Sekilas Info: Lagi enggak ada ide buat update tulisan di blog, masih sibuk mainan fixed gear

Wednesday, July 9, 2008

Masa Nggak Tau Malu

Masa SMA bukanlah sebuah masa di mana kita bisa berhura-hura. Tetapi sebuah masa di mana kita mulai merasakan nikmatnya dunia. Ingat yang saya katakan nikmatnya dunia, bukan nggak enaknya dunia.

Saat SMA memang senang terus bawaannya. Nggak pernah merasa sedih, paling sedih melanda saat ujian dapet nilai jelek, atau nggak punya uang yang banyak untuk jajan. What ever lah??? Karena memang itulah masa SMA sebenarya. Emang nggak semua anak SMA merasa senang terus, ada juga kok yang hari-harinya selalu diliputi kesedihan dan keterpurukan (bilang kaya gini jadi ingat nasib temen2 yang ada di Eithuopia). Mengapa anak SMA nggak pernah sedih? Karena umunya mereka nggak tahu malu, alias selalu mbuat keonaran dan pasti bikin malu-maluin. Nggak percaya? Sekarang coba bayangkan, ada nggak sih anak SMA yang selalu diem saat berkumpul dengan teman-temannya dalam segala situasi, misalnya menghadiri acara temannya di mana temannya tersebut mendapat musibah, apapun kondisinya pasti yang ada bercanda, bercanda dan bercanda.

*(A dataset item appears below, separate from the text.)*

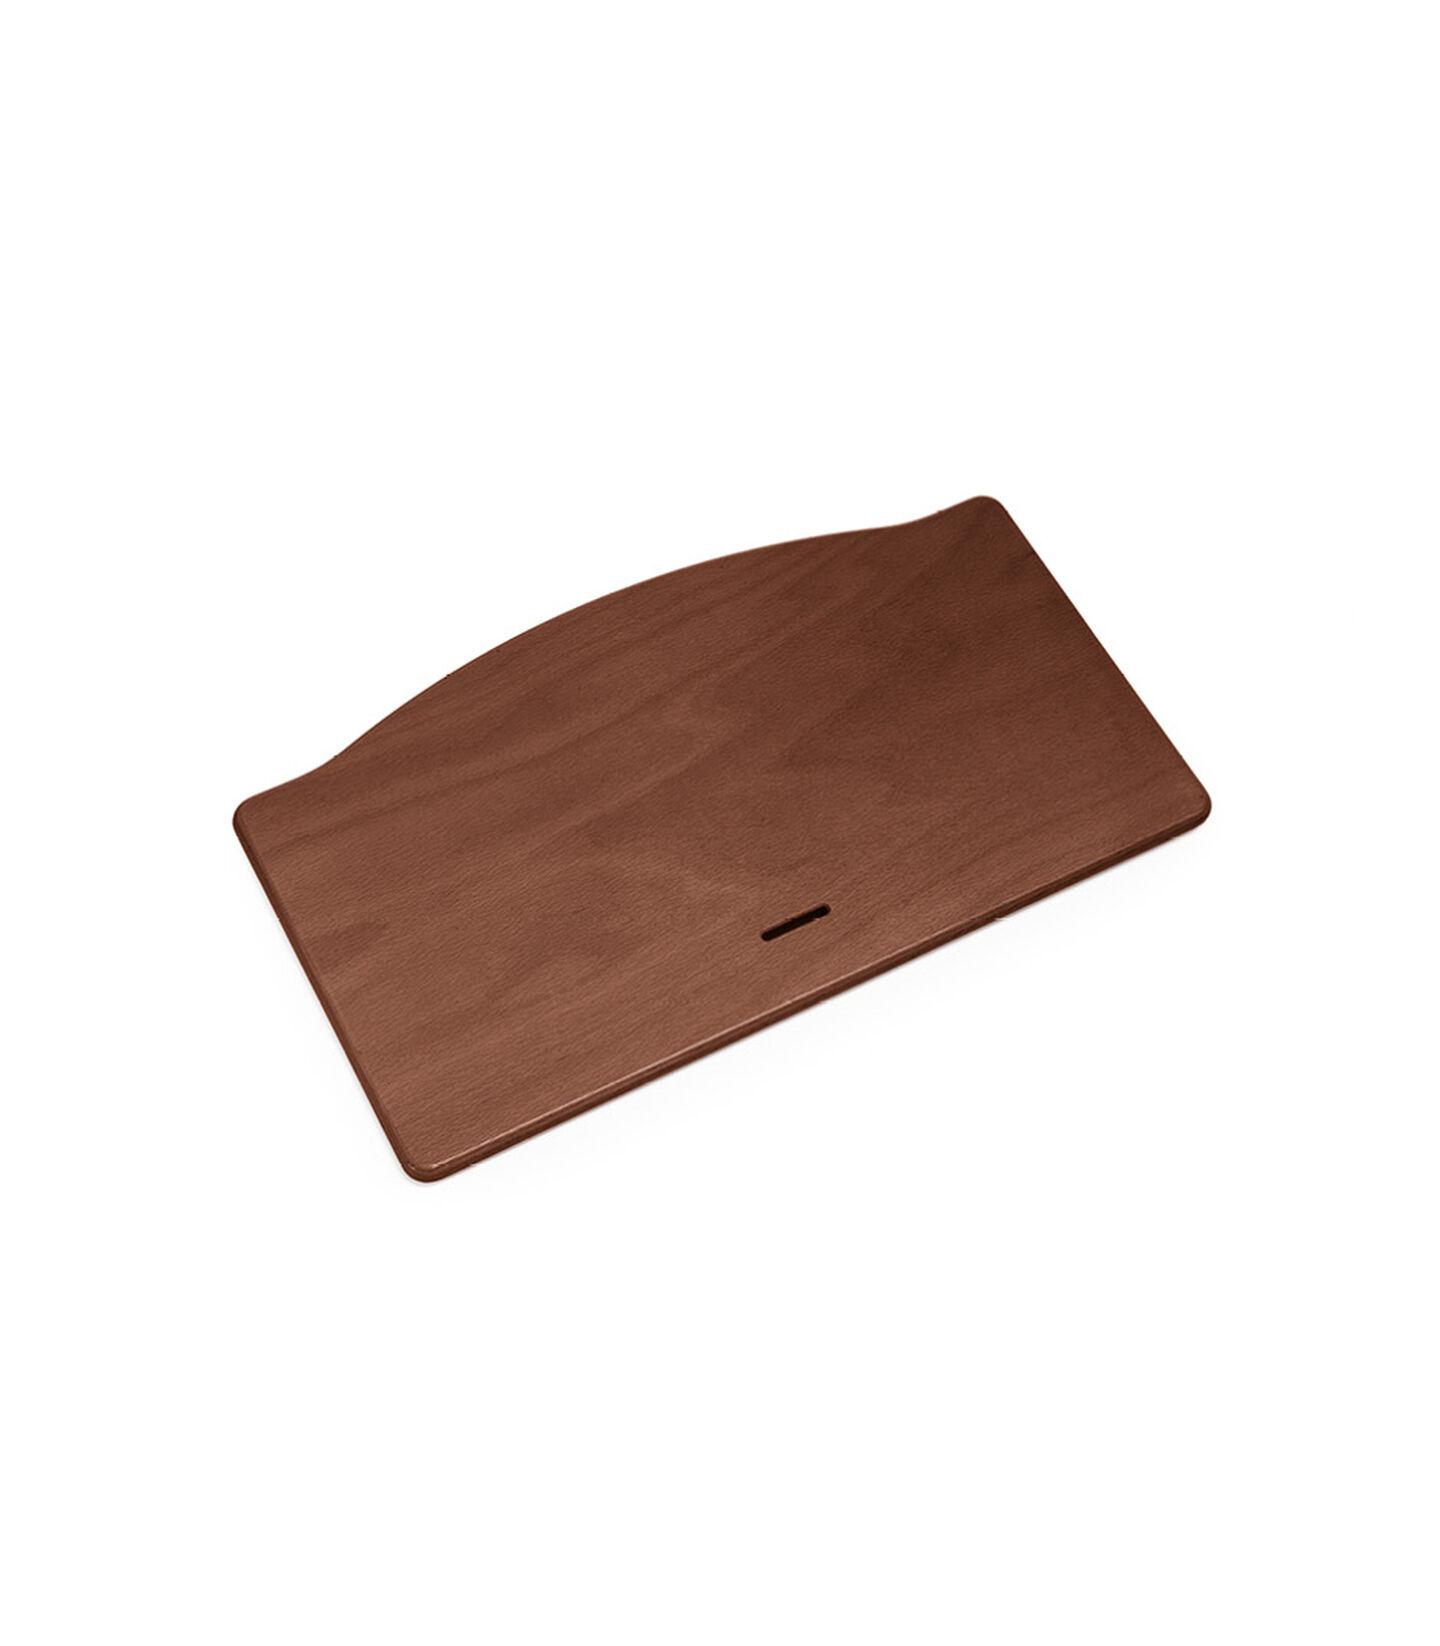 Tripp Trapp® Sitzplatte Walnut Brown, Walnut, mainview view 1

Jadi ingat waktu SMA dulu saya juga merasakan hal seperti itu. Saat SMA dulu, jujur kacang ijo harus kuakui aku memang keren dan tampan sekali (maaf sumpah mati yang barusan aku bercanda). Nggak, maksudnya sewaktu SMA aku pernah punya pengalaman yang mengarah pada masa SMA ialah masa di mana manusia nggak punya rasa malu. Saat itu tepatnya malam tahun baru, di mana ada seorang cewek yang mengharapkan pernyataan cinta dari seorang cowok, akhirnya si cewek berusaha ngomong dengan bahasa Perancis, dan si cowok membalasnya dengan bahasa Perancis yang sangat panjang. Nah, si cewek jadi bingung. Terus dia berkata,

“Apa artinya?”

“Gua laper!” dengan menunjukkan muka merah padam bak pantat gorilla yang lagi pengen eek.

(hehehehehe, itu khan jalan cerita film Eifel, Aku jatuh cinta).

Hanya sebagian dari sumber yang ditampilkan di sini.